A college reached out yesterday about a performance issue they were hitting when working with the Microsoft Building Footprints dataset we host on the Planetary Computer. They wanted to get the building footprints for a small section of Turkey, but noticed that the performance was relatively slow and it seemed like a lot of data was being read.

This post details how we debugged what was going on, and the steps we took to fix it.

The problem

First, my college sent a minimal, complete, and verifiable example of the problem. This let me very easily reproduce it. From his report, the first thing I suspected was an issue with the spatial partitioning. The files were supposed to be partitioned by quadkey, so that all the building footprints in a single area are in the same partition. Then spatial queries will be very fast: you only need to load a small subset of the data.

When I benchmarked things, it took about:

  1. 16 seconds to read the metadata with dask_geopandas.read_parquet
  2. 60 seconds to read the data and clip it to the area of interest

Looking at the spatial partitions of the data showed that it was clearly not spatially partitioned:

non-partitioned

It’s clearer zoomed in, but the box is a bit fuzzy because it’s actually a bunch of boxes with very slightly different extents.

Turns out we dropped a few of the newer ms-buildings STAC items, which were spatially partitioned, during our last release. Oops. (Don’t worry, we’re working on a better system for this.)

Once I got those items re-ingested, things did look better.

partitioned

It wasn’t all good news, though. Our timings went to

  1. 56 seconds to read the metadata with dask_geopandas.read_parquet (ouch)
  2. 0.5 seconds to read the data and clip it to the area of interest (yay!)

The speedup from 60 seconds to 0.5 seconds is exactly why we want to spatially partition the data. When you’re querying for a small area of interest, the spatially partitioned data means you can ignore most of the data and speed things up a lot. But what’s going on with the slowdown for the first stage (reading metadata)?

The spatially partitioned dataset also had many more partitions in the Parquet dataset, i.e. many more individual files in Blob Storage (a few hundred instead of 5-6). At the moment, dask-geopandas needs to open each individual file to read its spatial bounds. That was fine when we only had a few files, but when you have a few hundred the small amount of time it takes to read each file adds up. In this case, it added up to about 56 seconds of waiting just to read the metadata.

Speeding up the metadata reading

To speed up the metadata reading, we use the tried-and-true method of parallelizing it with Dask (yes, we’re using Dask to speed up Dask). Instead of doing a dask_geopandas.read_parquet on the client (which in turn executes some pyarrow.parquet stuff to read the fragments and get the metadata from each file) in serial, we’ll run a bunch of dask_geopandas.read_parquet calls on the cluster in parallel (I’m just using a LocalCluster in this example).

The snippet below re-uses dask_geopandas.read_parquet, but applies it in parallel using client.map. We’ll make a bunch of Dask DataFrames on the cluster (one per file) and then we use client.gather to bring back the Dask DataFrames (just the metadata, not the data!) to the client and concat them together into one big Dask DataFrame.

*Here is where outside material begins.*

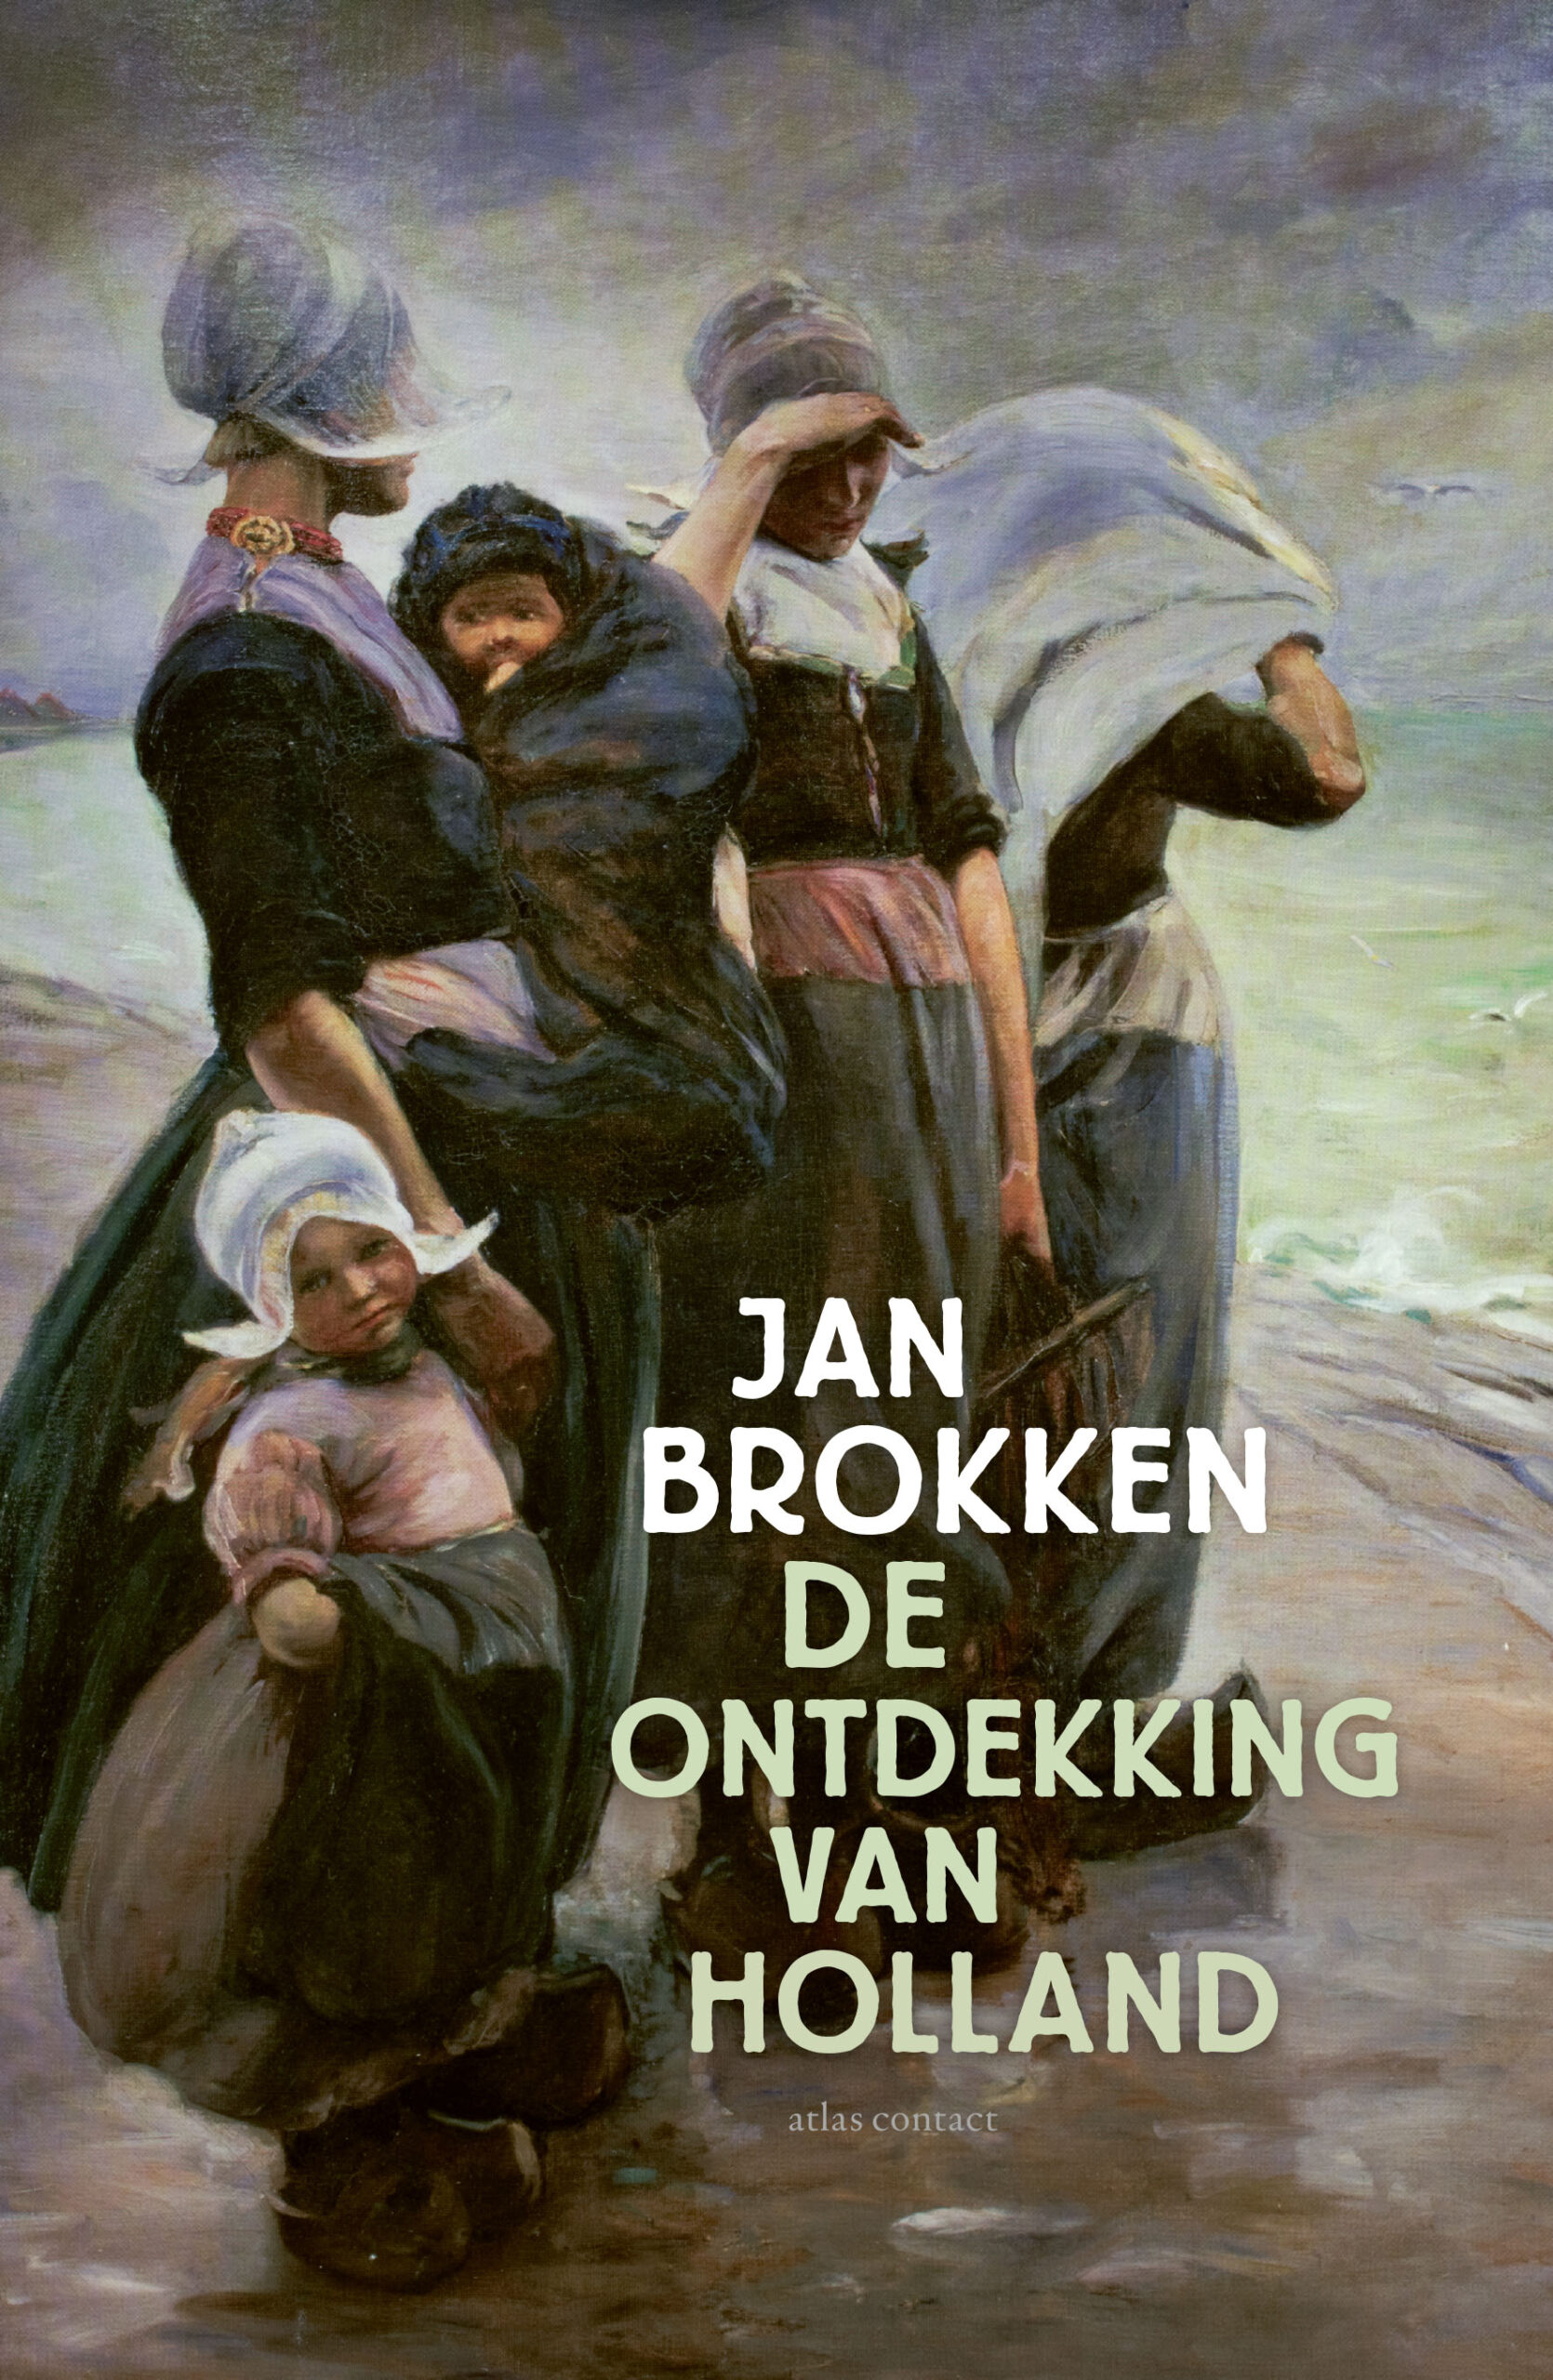  Jan Brokken over ‘De ontdekking van Holland’ in Rhoon 

There’s a small bug in dask-geopandas around serializing the spatial partitions on a Dask GeoDataFrame. Once my fix is merged then this will be a bit cleaner: everything to do with spatial_partitions can be deleted and you’re just left with reading the metadata on the cluster, bringing it back to the client, and concatenating at the end.

import distributed
import dask_geopandas
import dask.dataframe as dd
import fsspec


def read_parquet(paths, storage_options):
    client = distributed.get_client()

    # Read each partition's metadata on the cluster
    df_futures = client.map(
        dask_geopandas.read_parquet, paths, storage_options=storage_options
    )

    # workaround https://github.com/geopandas/dask-geopandas/issues/237
    def get_spatial_partitions(x):
        return x.spatial_partitions

    spatial_partitions_futures = client.map(get_spatial_partitions, df_futures)
    
    # Pull back locally. This takes the most time, waiting for computation
    dfs, spatial_partitions = client.gather([df_futures, spatial_partitions_futures])
    
    for df, sp in zip(dfs, spatial_partitions):
        df.spatial_partitions = None

    full_country = dd.concat(dfs)
    full_country.spatial_partitions = pd.concat(spatial_partitions, ignore_index=True)

    return full_country

We get the paths with something like

>>> fs, token, [root] = fsspec.get_fs_token_paths(asset.href, storage_options=asset.extra_fields["table:storage_options"])
# Get the raw paths (fast enough to do this locally. Could be done on the cluster too)
>>> paths = [f"az://{p}" for p in fs.ls(root)]

Note that there’s an open issue on Dask to do this kind of thing by default.

Overall, we brought the metadata read time down the 30 seconds (which would be faster with more workers). Still not great, but an improvement. At some point we’ll need to embrace a broader solution to this metadata access issue using something like Apache Iceberg.

See this example notebook for the full thing.